The general requirements for special exceptions are contained in section 3.0. Section 3.0(3) follows section 8-26e of the General Statutes by requiring a public hearing on a special exception. The Planning Commission must approve, disapprove, or approve the special exception with conditions within sixty-five days after the public hearing. Section 3.0(5) of the Zoning Regulations and section 8-26e of the General Statutes require the Planning Commission to decide the application within the time limits in section 8-26d. Subsection (a) of section 8-26d requires the Commission to decide an application within sixty-five days after completion of the public hearing, except that the applicant can consent to one or more extensions of the sixty-five day time limit "provided the total extension of any such period shall not be for longer than the original period as specified in this subsection."
If the Planning Commission approves a special exception, it must conform with all the requirements of the special exception regulation, and landscape requirements, parking and loading requirements and sign regulations. [Section 3.0(8) Danbury Zoning Regulations.] A special exception cannot be approved unless the planning commission finds that: (a) the proposed use will have no detrimental affect on present and future dwellings in the vicinity; (b) the proposed architecture, site plan and landscaping are in harmony with the character of the neighborhood; (c) no conditions will be created which adversely affect traffic, safety or the normal movement of traffic; and (d) no conditions will be created which harm the natural environment so as to jeopardize the public health or safety. [Section 3.0(9).] In addition, the Commission may impose conditions CT Page 6257 which will ensure compliance with section 3.0.

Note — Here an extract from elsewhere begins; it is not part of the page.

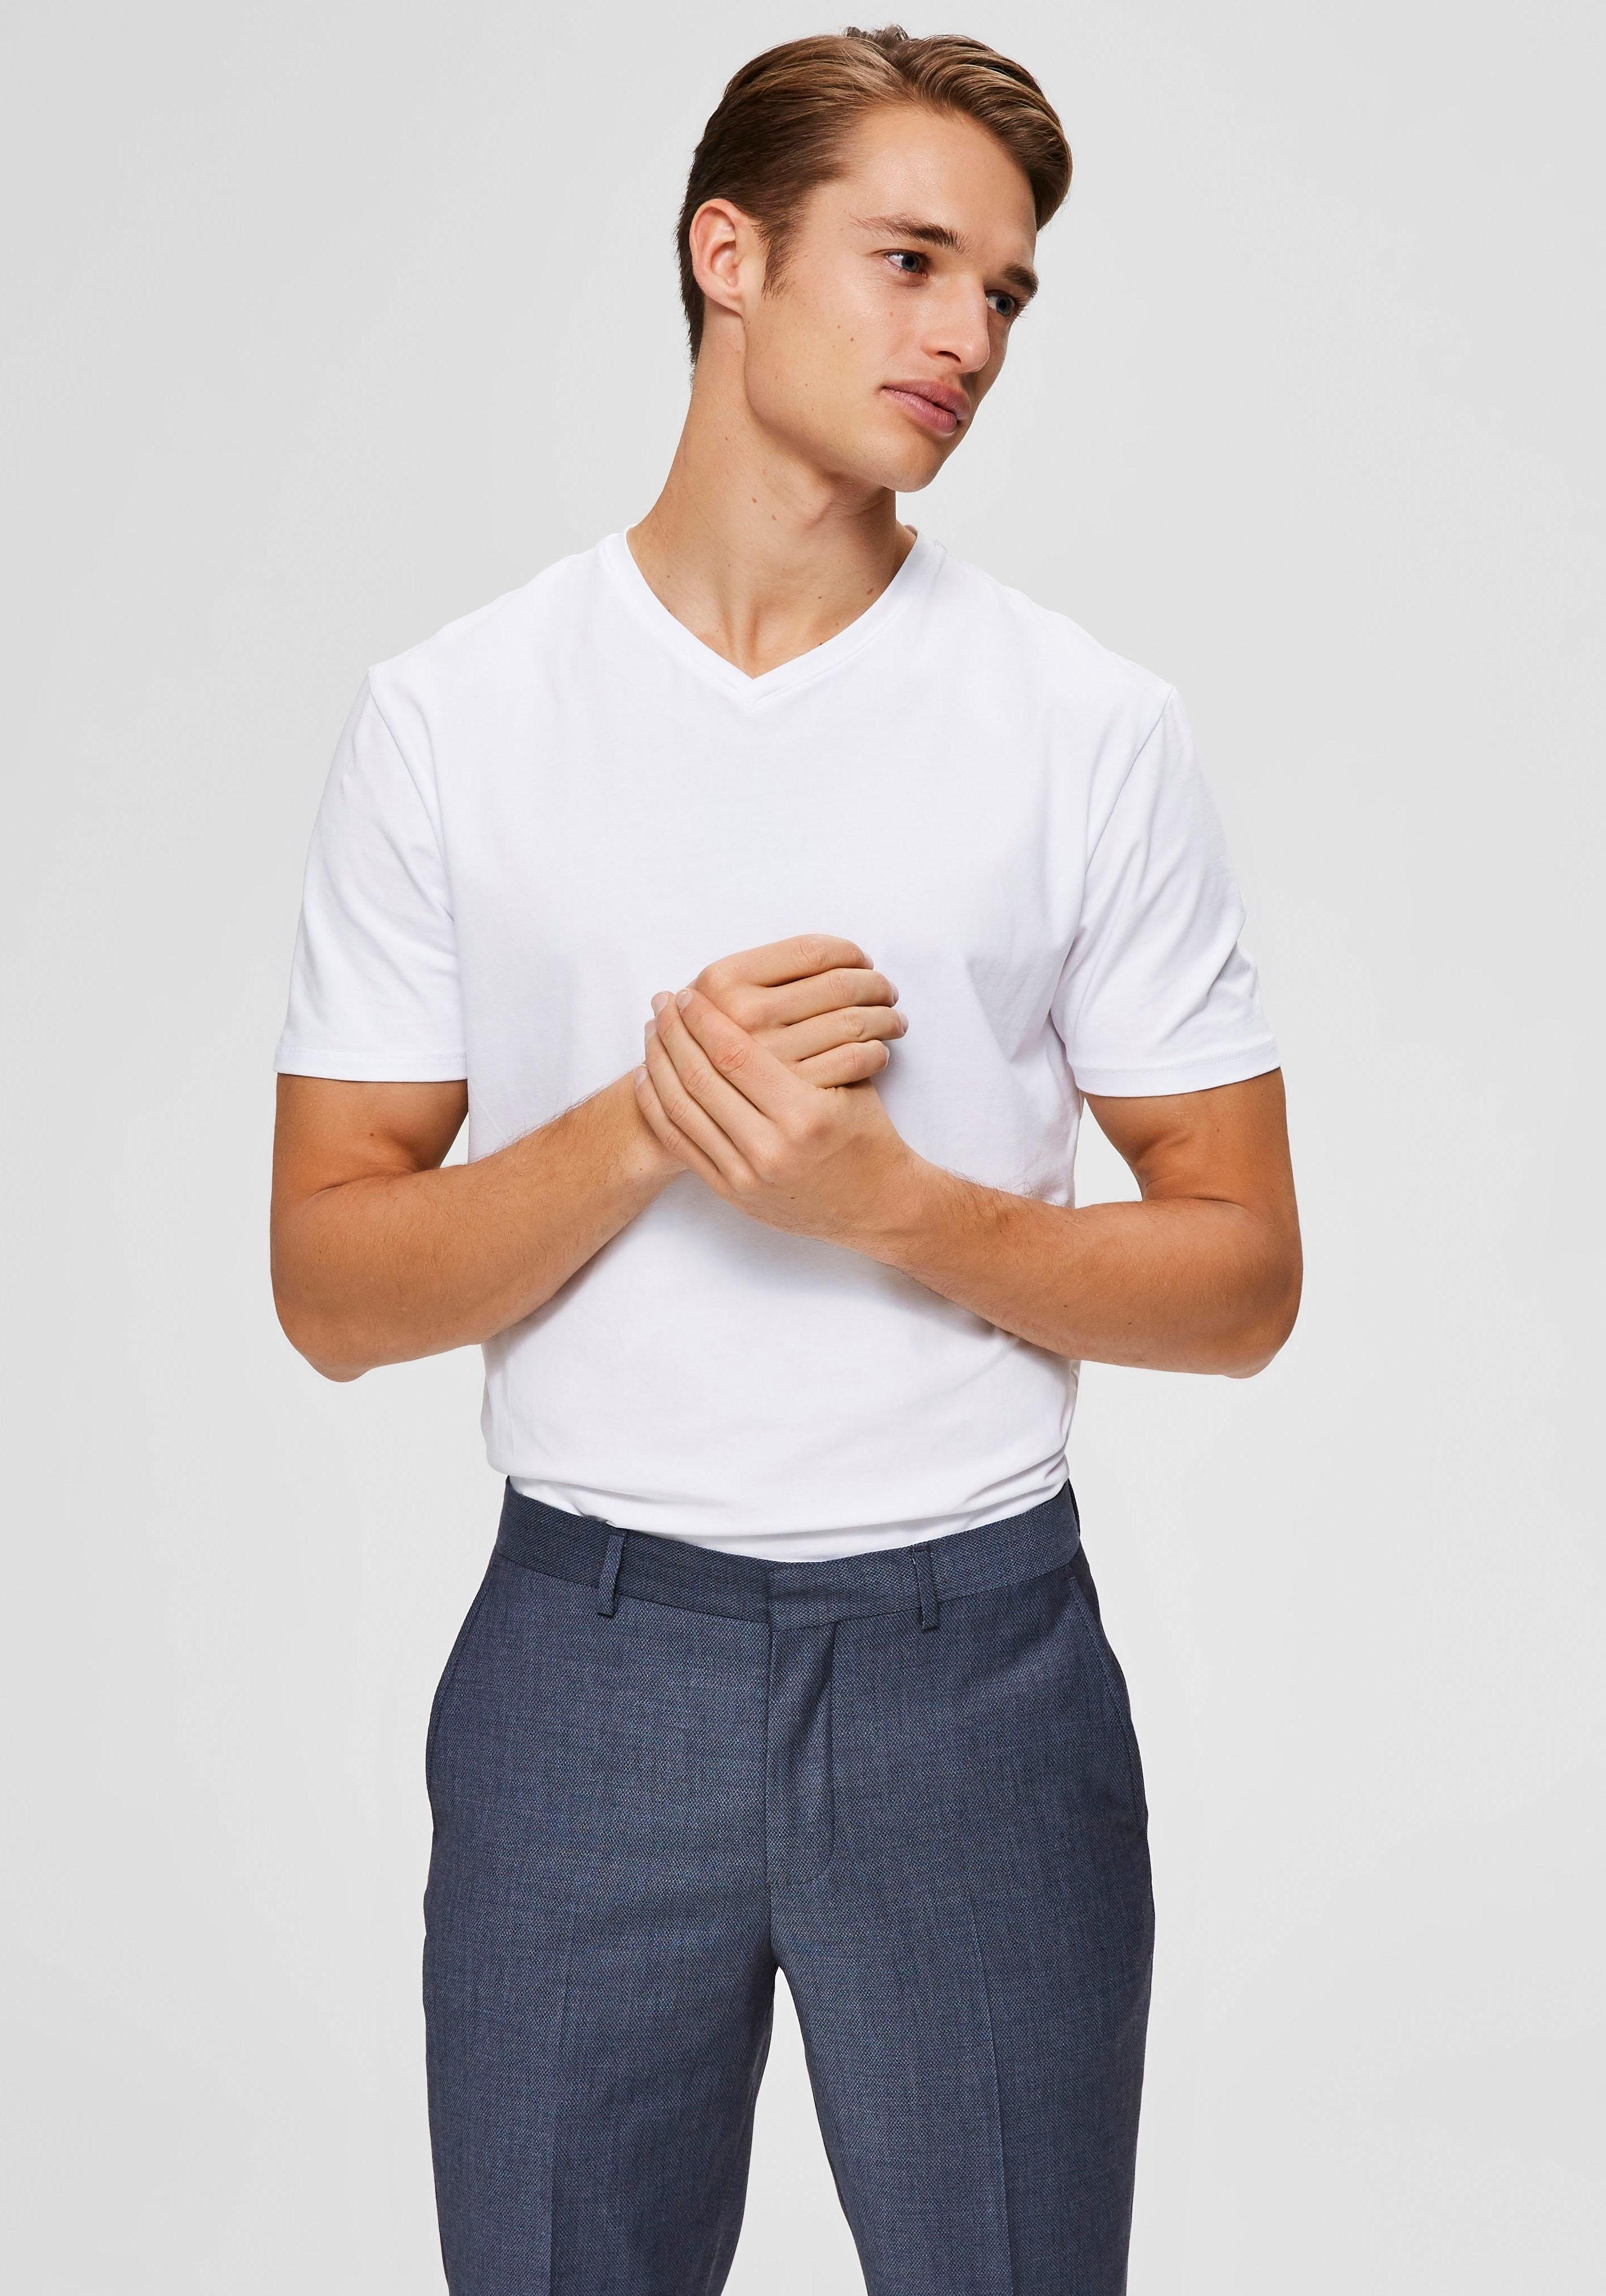 V-Shirt Basic SELECTED HOMME V-Shirt White

Cluster development is allowed with a special exception in the RA-8, RA-20, RA-40 and RA-80 residential zones. [Section 8.C.] A parcel of land developed under this section must have title held in single ownership, cooperative ownership or condominium ownership (except that a development may consist of detached one family dwellings with each single family lot individually owned). [Section 8.C.1.] While Ralto's proposal was for a condominium development with each unit individually owned and the balance of the property designated as common area, the regulation also allows small subdivision lots, privately owned, with common area space, recreation and conservation areas held in common ownership by the subdivision lot owners. While section 8.C is designated "regulations for cluster subdivision," subdivision approval by the Planning Commission under the Danbury Subdivision Regulations and Chapter 126 of the General Statutes is not required unless there is a subdivision of the land as defined in section 8-18 of the Connecticut General Statutes. ("Subdivision" means the division of a tract or parcel of land into three or more parts or lots made subsequent to the adoption of subdivision regulations by the commission for the purpose, whether immediate or future, of sale or building development. McCrann v. Town Plan Zoning Commission,161 Conn. 65, 70.) Accordingly, in order to obtain special exception and site plan approval, Ralto did not require subdivision approval from the Planning Commission. In those cases where the dwellings in a cluster development under section 8.C are proposed for separate lots, subdivision approval would be required. That is not the situation here, and the plaintiffs' claim that the Commission violated section 8-25 of the General Statutes by not requiring and approving a subdivision plan is rejected. Even though the Planning Commission grants special exceptions in Danbury, when reviewing a cluster condominium project it is governed by sections 3.0 and 8.C of the Zoning Regulations. The Planning Commission is delegated this function by the zoning Commission under the Zoning Regulations, as allowed by section 8-2 of the General Statutes.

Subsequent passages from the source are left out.